ОГПУ-НКГБ в борьбе со спецслужбами Японии — страница 75 из 92

В здании Люшков встретился с Дерибасом, дал ему письмо Ежова. Сказал, что арестовал Западного. При этом предложил ему вызвать к себе Барминского. Дерибас вынужден был позвонить на квартиру Барминского и вызвать его по срочному делу. Когда Барминский явился в Управление, он был так же арестован. Дерибас сдавая дела, сказал Люшкову, что не может выехать в Москву прежде чем не увидится с семьей, которая находилась во Владивостоке. Люшков настойчиво ему рекомендовал не лететь самолетом, как он хотел, а ехать поездом или автомашиной, так как в противном случае он лишился бы возможности наблюдать за ним. Кроме того, Люшков опасался, как бы Дерибас не улетел за границу. Дерибас учел рекомендации Люшкова и выехал во Владивосток на машине, под наблюдением. Как впоследствии оказалось, он ездил туда к бывшему начальнику областного управления НКВД Визелю, также участнику заговора, чтобы вместе с ним выяснить возможность бегства заграницу, но из этого ничего не вышло. Дерибас вернулся в Хабаровск. Люшков, связавшись предварительно с Москвой, арестовал его.

Из показаний Дерибаса, Западного и Барминского устанавливалось, что в войсках НКВД и в погранохране существовал заговор, созданный в результате их связей с Гамарником. Дерибас давно был лично связан с Рыковым. Он вместе с бывшим секретарем Крайкома партии Лаврентьевым, бывшим предрайисполкома Крутовым и группой заговорщиков в армии в лице Сангурского, Аронштама и других предполагал совершить переворот на Дальнем Востоке и договориться с японским правительством о помощи и совместных действиях против СССР.

Ими были завербованы в НКВД пять начальников отделов, комендант Управления, начальник Приморского об-луправления Визель, его заместитель Кондратьев, начальник Амурского управления Давыдов, начальник Нижне-Амурского облуправления Липовский, начальник Уссурийского облуправления Пряхин, начальник управления еврейской области Лавтаков, начальник Комсомольского горотдела Голянов, особоуполномоченный Управления Кри-чинский, заместитель начальника Сахалинского облуправления Домарев, начальник горотдела города Оха (Сахалин) Балицкий, заместитель начальника Особого отдела Тихоокеанского флота Новицкий, начальник особого отдела 51 авиабригады Коган и многие другие руководители органов НКВД, начальники отделений и уполномоченные в краевом управлении НКВД и в районах.
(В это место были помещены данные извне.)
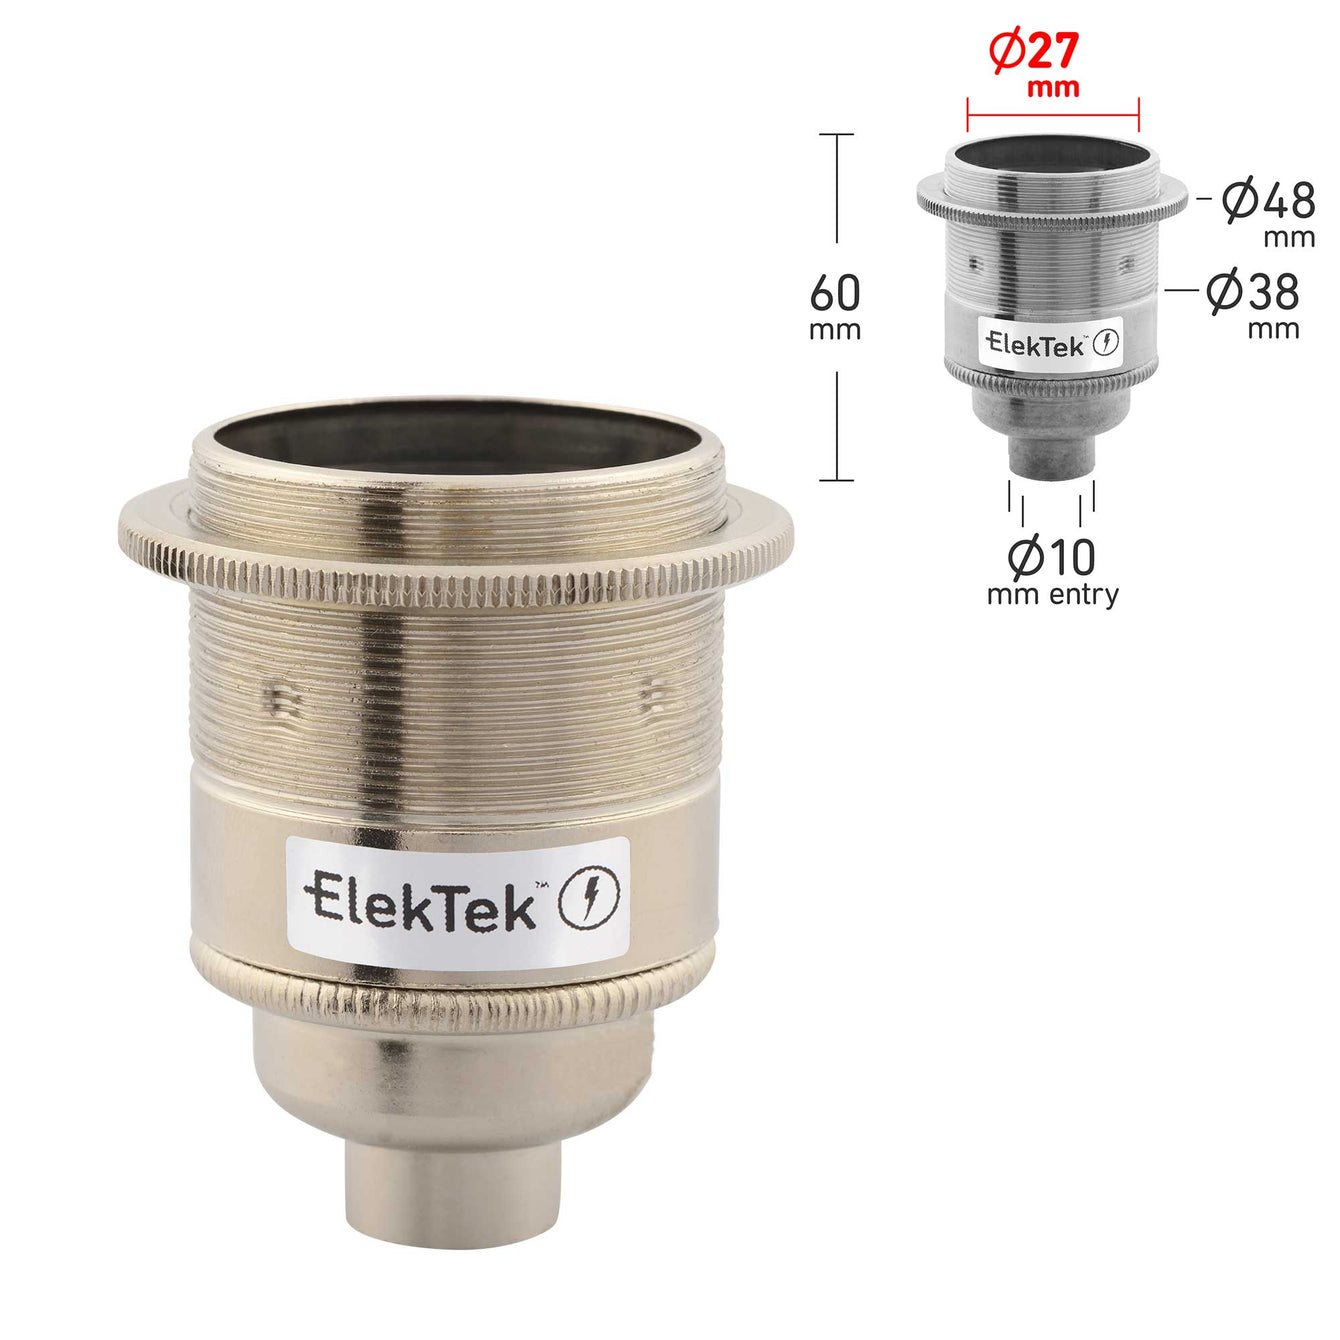 ElekTek ES Edison Screw E27 Lamp Holder With Shade Ring 10mm or Half Inch Entry Ideal for Vintage Filament Bulbs Brass - Buy It Better Nickel / Half Inch

В пограничных войсках также была создана организация, во главе которой стоял начальник политуправления этих войск Богданов. В нее были вовлечены начальник оперативного отдела штаба погранвойск Груздь, зам. нач. политотдела Катцент, инструктор Политотдела Шестовский, начальник Камчатского погранотряда Лев и другие командиры и политработники.

Сотрудники японской разведки отмечали добросовестность и усидчивость Люшкова. Он сочинял доклады, антисталинские памфлеты и листовки, писал по-русски. Переводчики сетовали, что за Люшковым не угнаться — он писал в день до сорока страниц текста. Все это надо было быстро перевести на японский и передать в соответствующие отделы.

«По некоторым источникам, требующим уточнения, в конце 1938 — начале 1939 гг. Люшков в качестве советника японской военной разведки принял участие в ликвидации закордонной агентурной сети советских спецслужб. Он выехал из Токио в г. Чаньчунь, где расположился штаб Квантунской армии. Японские источники ничего не сообщают о количестве разоблаченных бывшим чекистом агентов НКВД и РУ РККА, ограничиваясь пространной фразой, что "русской разведке был нанесен серьезный удар"»[374].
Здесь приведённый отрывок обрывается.